The new pipeline ships side-by-side with the legacy one in
@lexical/html; the default $generateNodesFromDOM is unchanged. To
opt in, depend on DOMImportExtension (or a higher-level bundle like
CoreImportExtension / RichTextImportExtension / etc.) and read the
imported nodes from the extension's $generateNodesFromDOM output.
Quick start
The smallest editor that imports HTML through the extension pipeline:
import {
buildEditorFromExtensions,
getExtensionDependencyFromEditor,
} from '@lexical/extension';
import {
CoreImportExtension,
DOMImportExtension,
} from '@lexical/html';
import {$getRoot, defineExtension} from 'lexical';
const editor = buildEditorFromExtensions(
defineExtension({
name: 'app',
dependencies: [CoreImportExtension],
}),
);
const dep = getExtensionDependencyFromEditor(editor, DOMImportExtension);
editor.update(() => {
const dom = new DOMParser().parseFromString(
'<p>Hello <strong>world</strong></p>',
'text/html',
);
const nodes = dep.output.$generateNodesFromDOM(dom);
$getRoot().clear().splice(0, 0, nodes);
});
CoreImportExtension ships the rules that cover <p>, <span>,
inline format tags (<b>, <strong>, <em>, <i>, <code>,
<mark>, <s>, <sub>, <sup>, <u>), <br>, and #text —
everything the core lexical package's legacy importDOM machinery
handled. Higher-level bundles you can drop in alongside:
| Extension | Provides |
|---|---|
CoreImportExtension (@lexical/html) | <p>, <span>, inline format tags, <br>, #text |
HorizontalRuleImportExtension (@lexical/html) | <hr> |
RichTextImportExtension (@lexical/rich-text) | <h1>–<h6>, <blockquote>, Google Docs 26pt-title heuristic |
ListImportExtension (@lexical/list) | <ol>, <ul> (incl. checklist detection), <li>, GitHub task list, Joplin checkbox |
LinkImportExtension (@lexical/link) | <a> |
TableImportExtension (@lexical/table) | <table>, <tr>, <td>, <th> |
CodeImportExtension (@lexical/code-core) | <pre>, multi-line <code>, monospace <div>, GitHub raw-file-view tables |
Each bundle depends on CoreImportExtension (the inline-format rules
are nearly always wanted) and on the corresponding node-providing
extension where possible, so you only have to list the import
extension in your editor's dependency tree.
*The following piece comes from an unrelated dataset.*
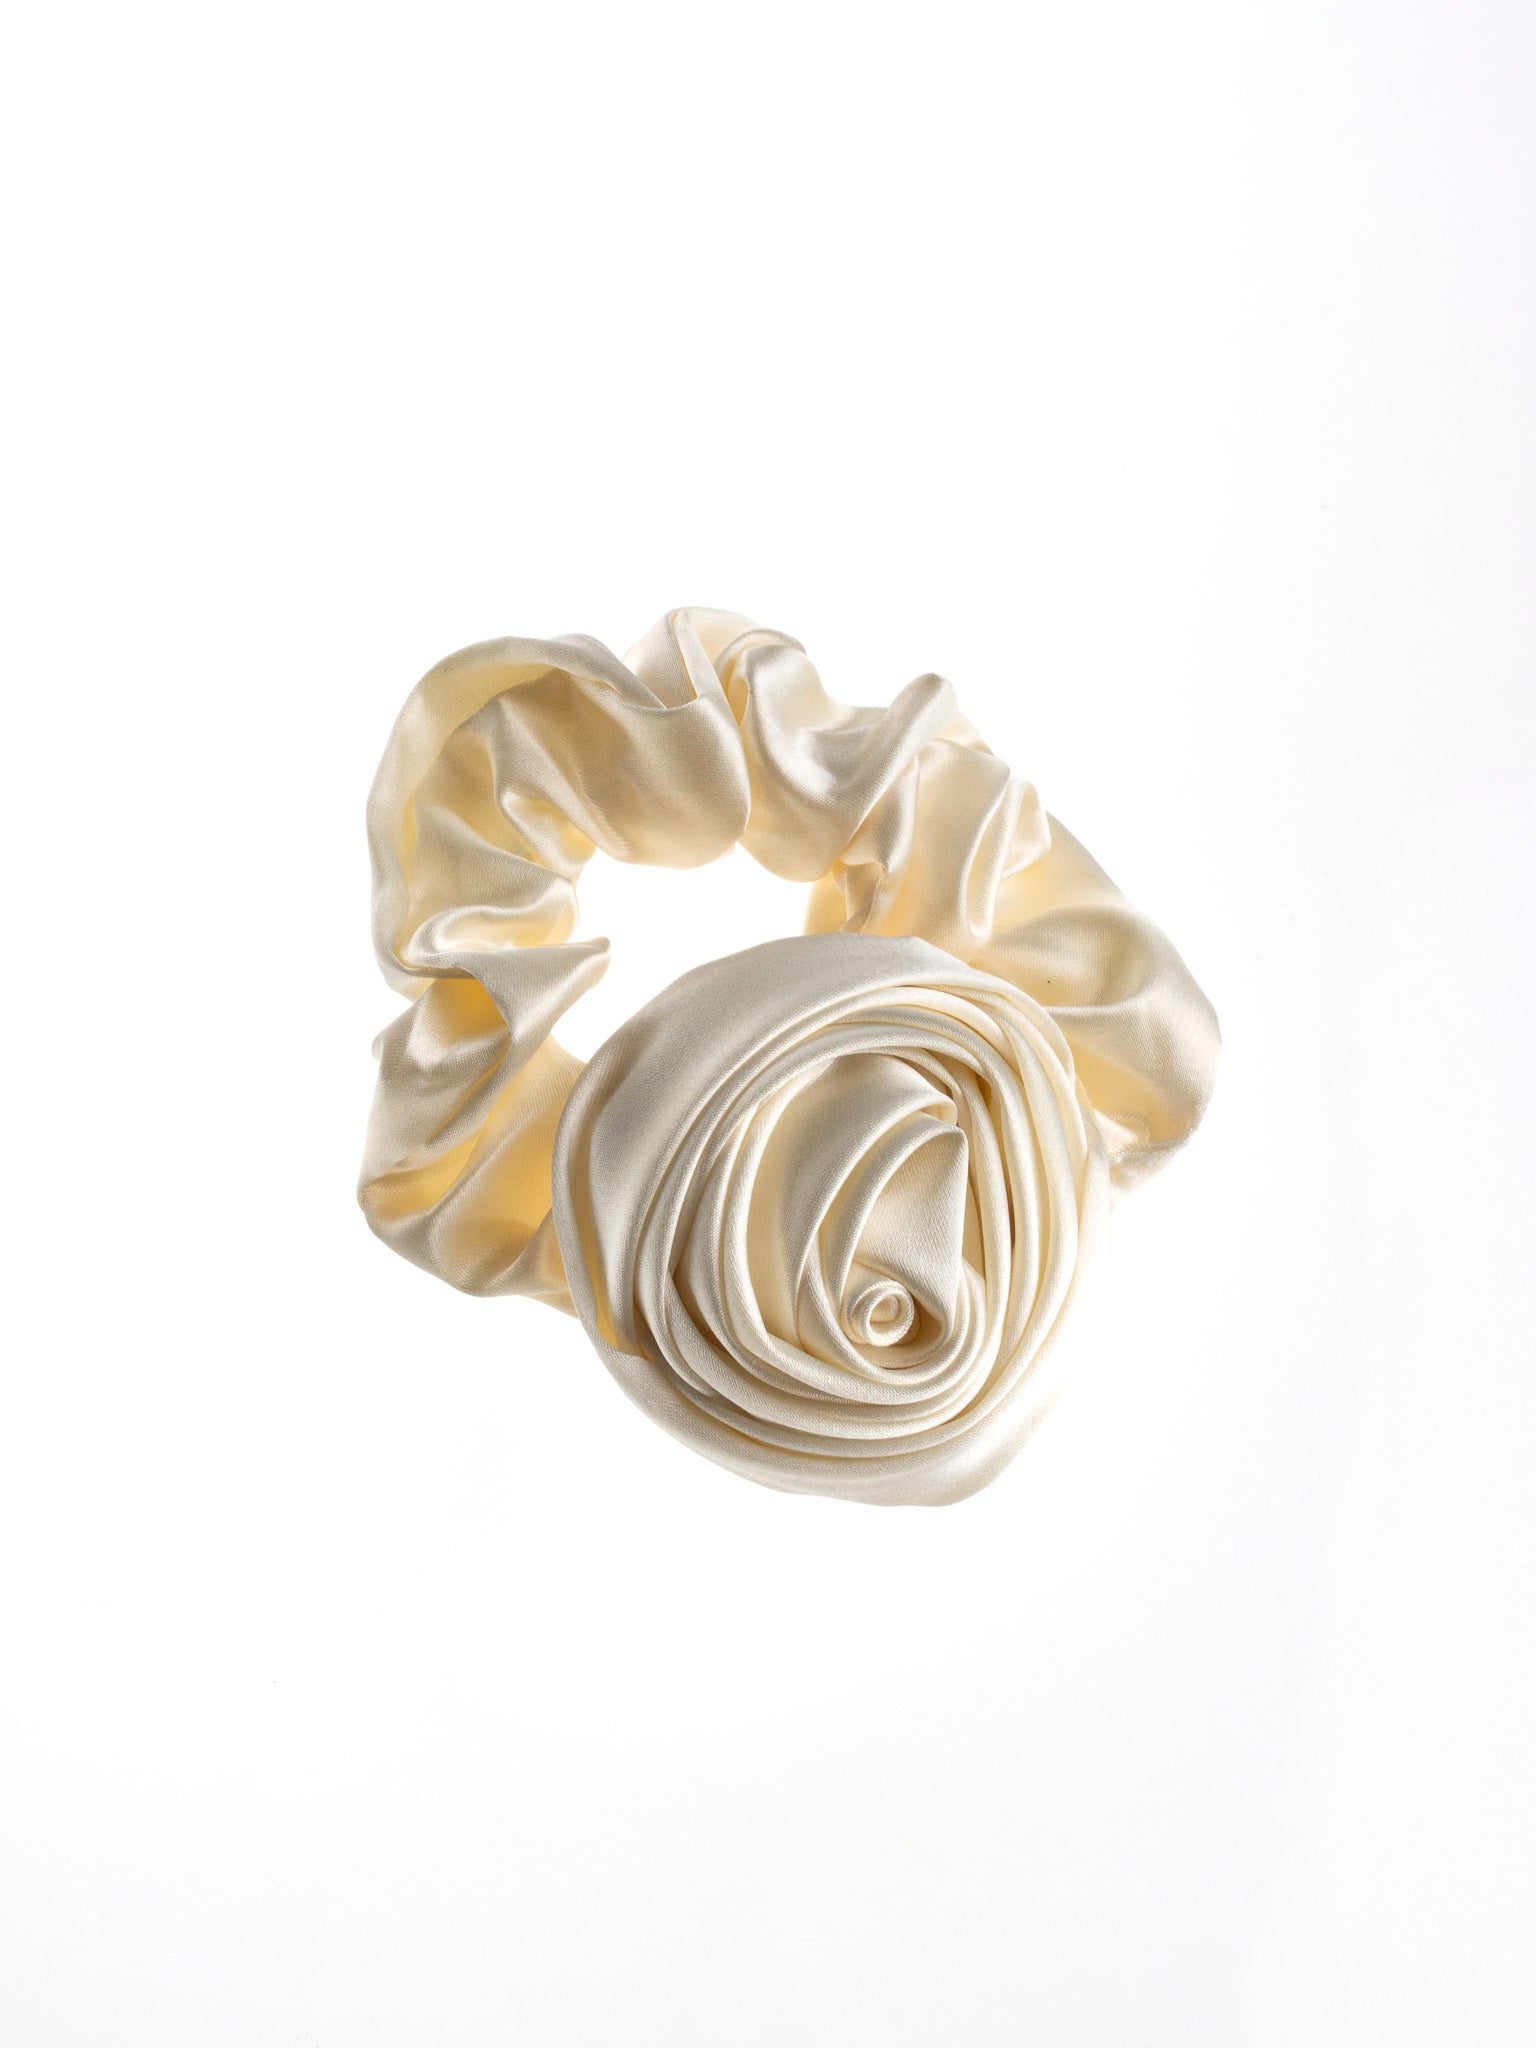 Solar Eclipse - Handmade White Satin Flower Scrunchie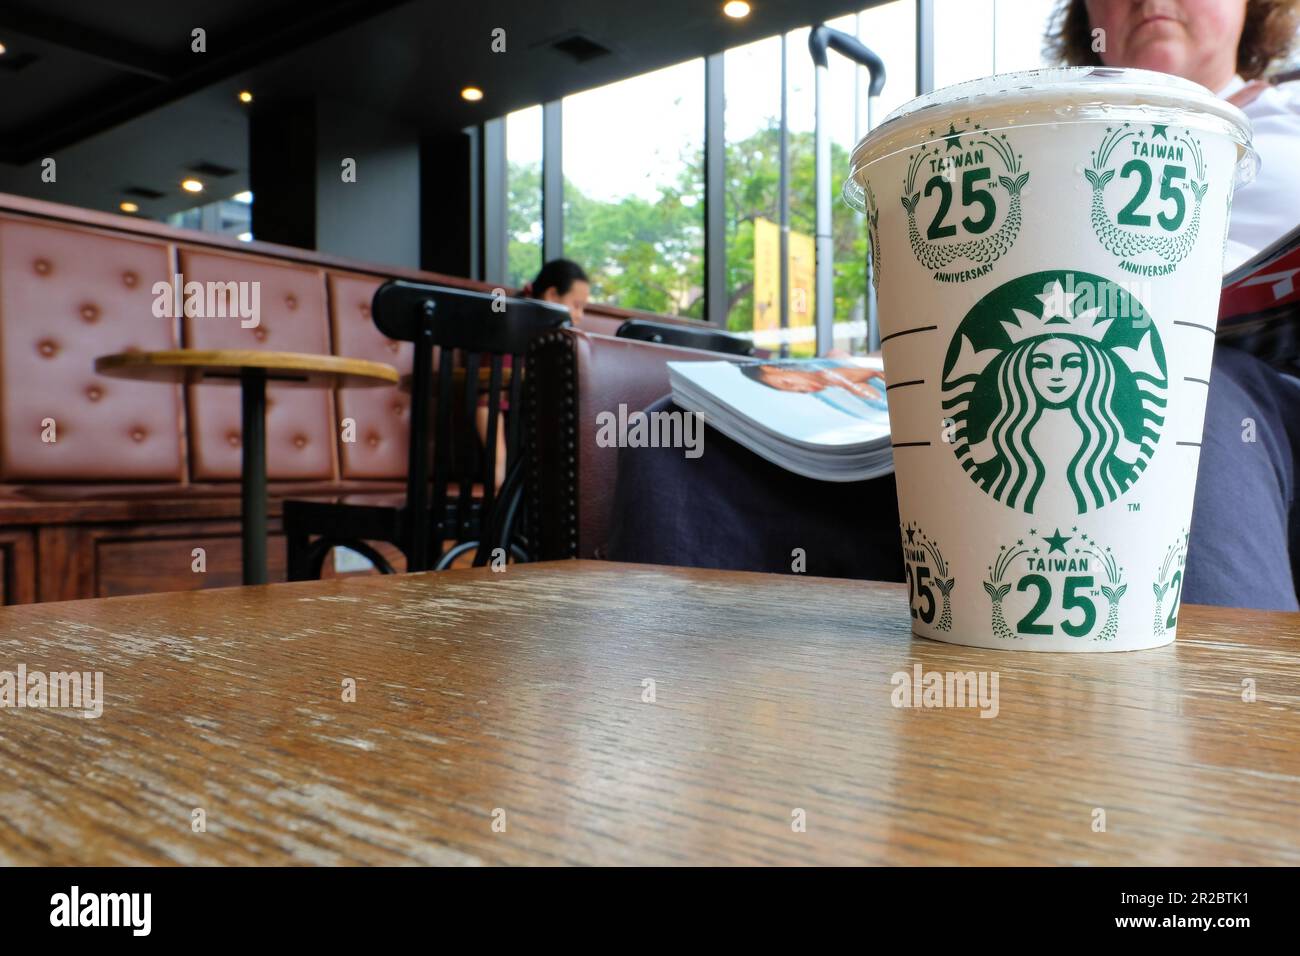 La tasse de café de Starbuck commémorant le 25th anniversaire de la présence de la compagnie à Taïwan; commémoration de vingt-cinq ans d'activité à Taïwan. Banque D'Images

The legacy entry $generateNodesFromDOM(editor, dom) and the new
extension's dep.output.$generateNodesFromDOM(dom) both live in
@lexical/html. Tell them apart by signature: the legacy takes the
editor first, the new one takes only the DOM (plus optional
{context, preprocess}).
Rules
A rule is the unit of work in the extension. Each rule is built with
defineImportRule:
import {defineImportRule, sel} from '@lexical/html';
import {$createParagraphNode} from 'lexical';
const ParagraphRule = defineImportRule({
name: '@app/p',
match: sel.tag('p'),
$import: (ctx, el) => {
const p = $createParagraphNode();
p.splice(0, 0, ctx.$importChildren(el));
return [p];
},
});
A rule has three parts:
match— an opaqueCompiledSelectorproduced bysel.*. The dispatcher buckets rules by tag at compile time so the per-node dispatch cost is bounded by the number of rules registered for that tag (typically one or two).$import— middleware-style function(ctx, node, $next) => readonly LexicalNode[]. The element type ofnodeis narrowed by the selector (e.g.sel.tag('a')givesHTMLAnchorElement,sel.text()givesText). Return[]to drop the element, or call$next()to defer to the next-lower matching rule.name(optional) — surfaces in dev-mode warnings and error traces. Convention:'@scope/package/rule-id'.
Dispatch order
When multiple rules match the same element, the one registered LATER
wins (higher priority). mergeConfig prepends partial.rules to the
existing list, so an extension's rules run before the rules its
dependencies contributed. Within a single extension's rules array,
the first entry has highest priority.
configExtension(DOMImportExtension, {
rules: [
// Tries this first
SpecificParagraphRule,
// Falls back to this via $next()
GenericParagraphRule,
],
})
Calling $next() from a rule walks the chain — the next-lower
matching rule fires; if none, the framework's catch-all
DefaultHoistRule descends into the element's children. Returning
[] from a rule short-circuits: nothing else runs and the element is
dropped.
$next() as a wrapper
The middleware shape is strictly more powerful than the legacy
numeric priority. A rule can call $next(), inspect the result,
and transform it — perfect for cross-cutting decorators:
const IdAttributeRule = defineImportRule({
name: '@app/id-decorator',
match: sel.any().attr('id', /\S/),
$import: (ctx, el, $next) => {
const out = $next();
if (out.length === 1) {
$setState(out[0], idState, el.getAttribute('id')!);
}
return out;
},
});
Registered late (i.e. early in your rules array), this rule fires
for every styled element BEFORE the tag-specific rule, calls $next()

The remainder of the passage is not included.